Her mother, she suspected, had to hate it too. Back then, her mother had confided in her.
“Do you see what this has done to me? Do you get it. Do you know what happens when a baby is
born?”
“I do Mom.” Morgan said. “I do.” She’d wanted to help, had tried to hug her mother
by placing gentle arms on her shoulders and waiting for her to melt, an imitation of her father.
“You don’t know a thing,” her mother said. “You’re a child and with each one of you it
keeps getting worse. Don’t you see how it keeps getting worse?”
Morgan did.
“April, come here,” Morgan said.
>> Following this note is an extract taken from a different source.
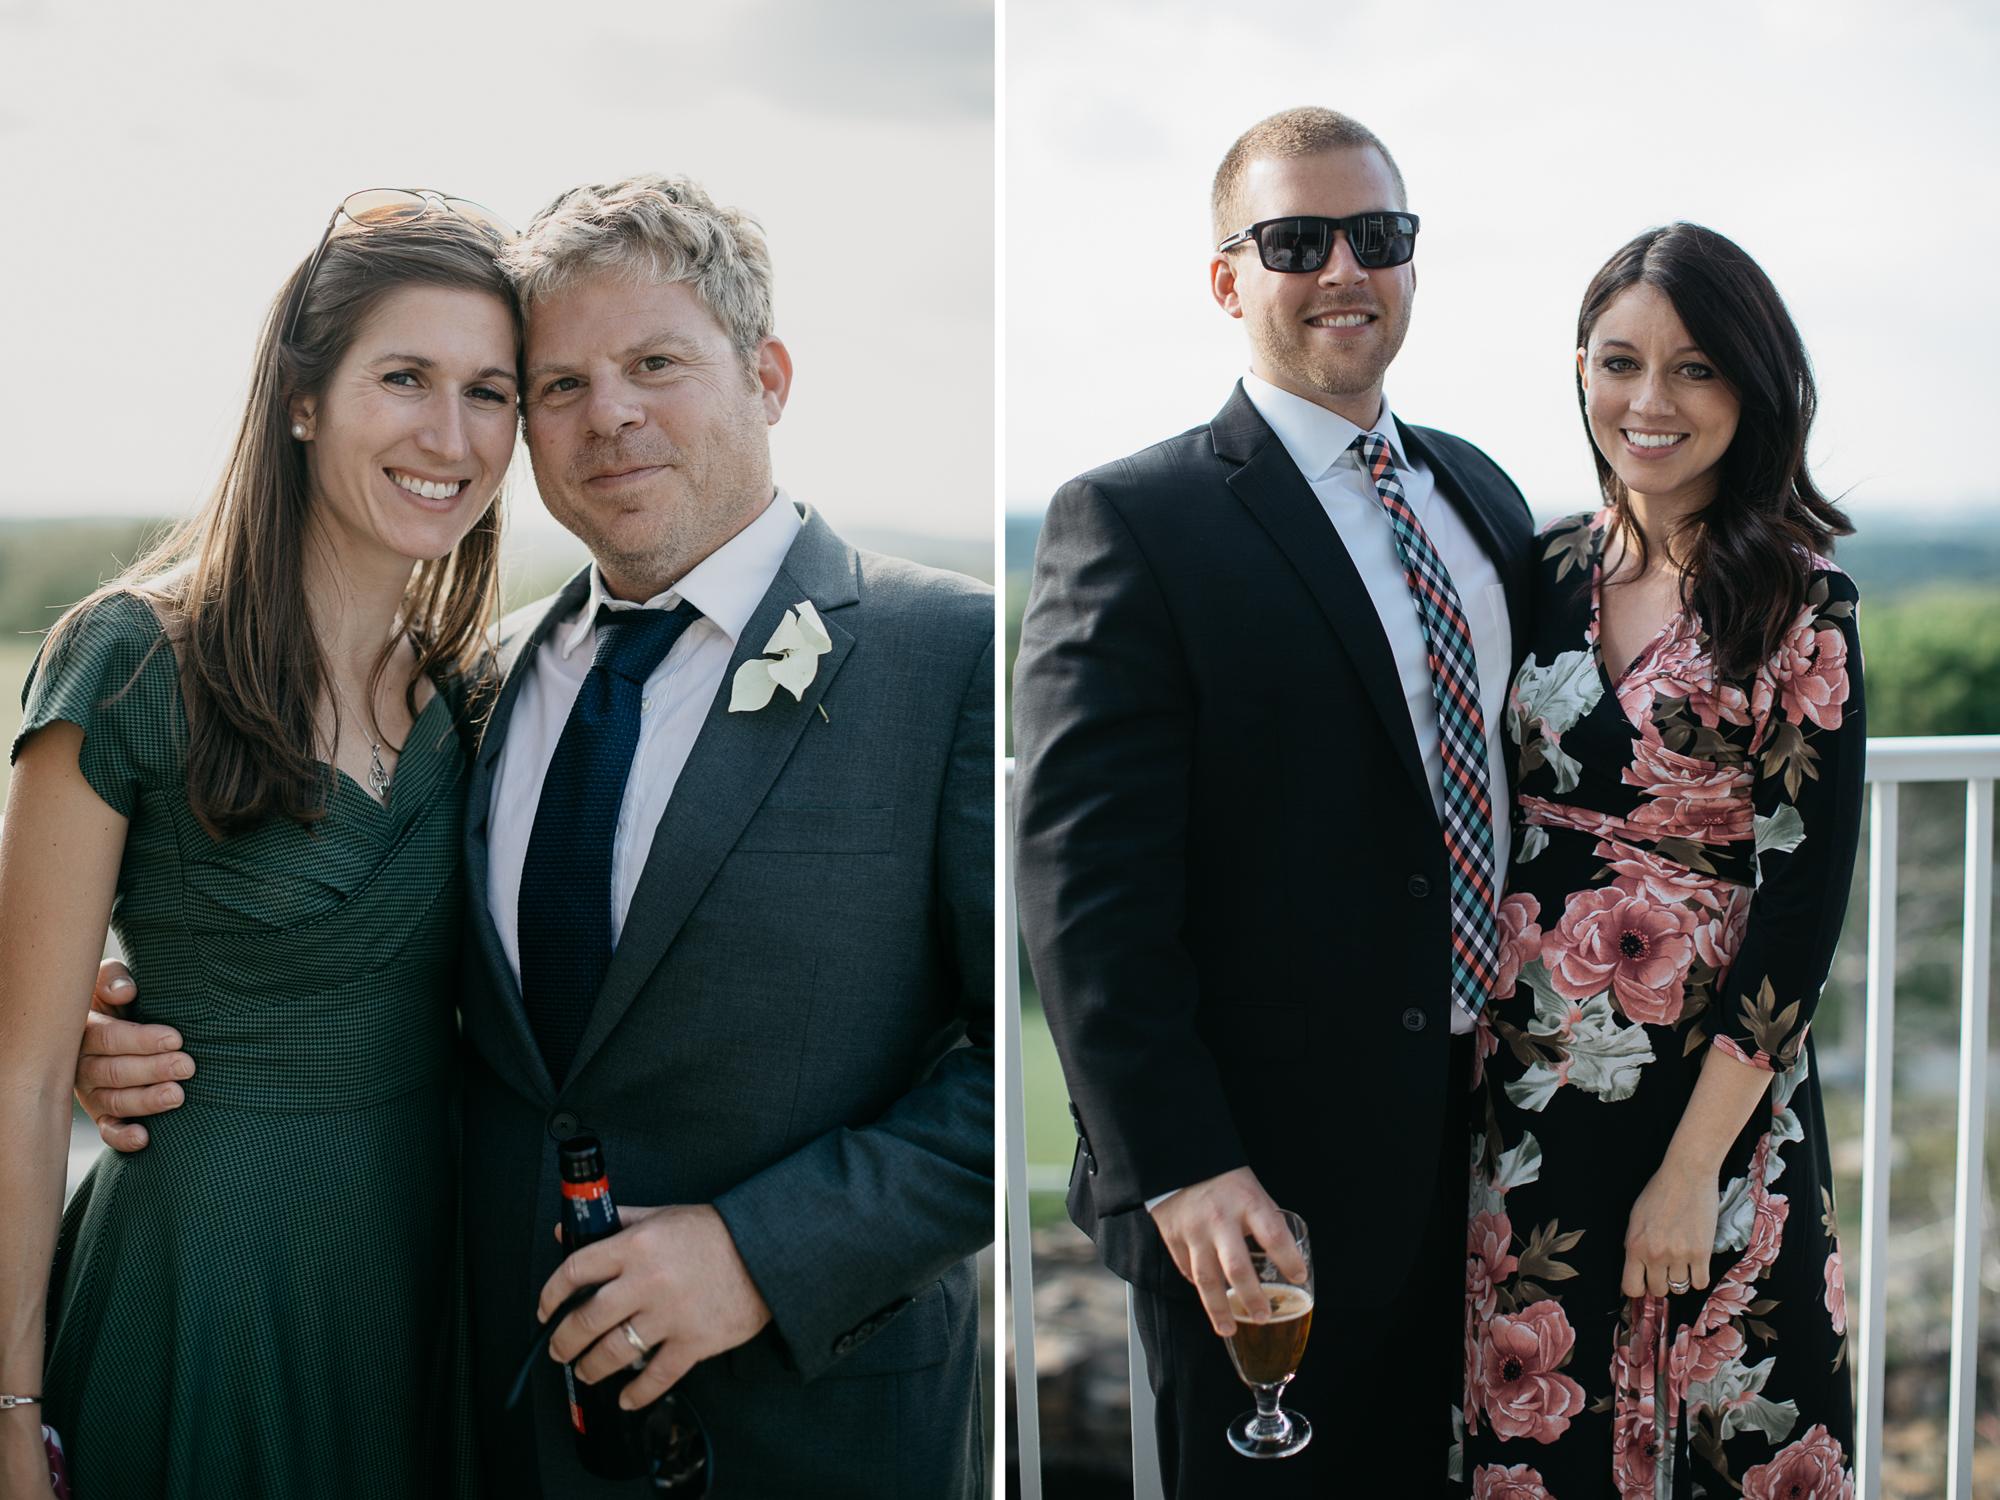 Jaclyn_Andrew_quincy_massachusetts_wedding024.jpg

Her mother’s eyes flickered open again. April held out
the carpet fiber like a puppy treat. There were times when her sister was soft and quiet. A warm
nugget in her arms and Morgan loved her then. She imagined her mother must have felt this way
about all of them, might still feel this way. She envied April for still being small, the twins for
being one half of two, and the time whoever was burrowed inside her mother’s belly had alone in
there, as disgusted as she was of the outward effects.
April tried to climb into their mother’s lap, then settled again for hugging her legs. She
buried her face between her knees. Their mother rested a hand on her head. Why couldn’t she
join April on the floor? Wrap herself around their mother, too. Be accepted in and folded in with
them.
“Come on. Come with me.” Morgan grabbed at her sister’s arm. It slapped back to their
mother’s leg like a magnet.
“Well, did they fit at least?” Her mother said, patting April’s head.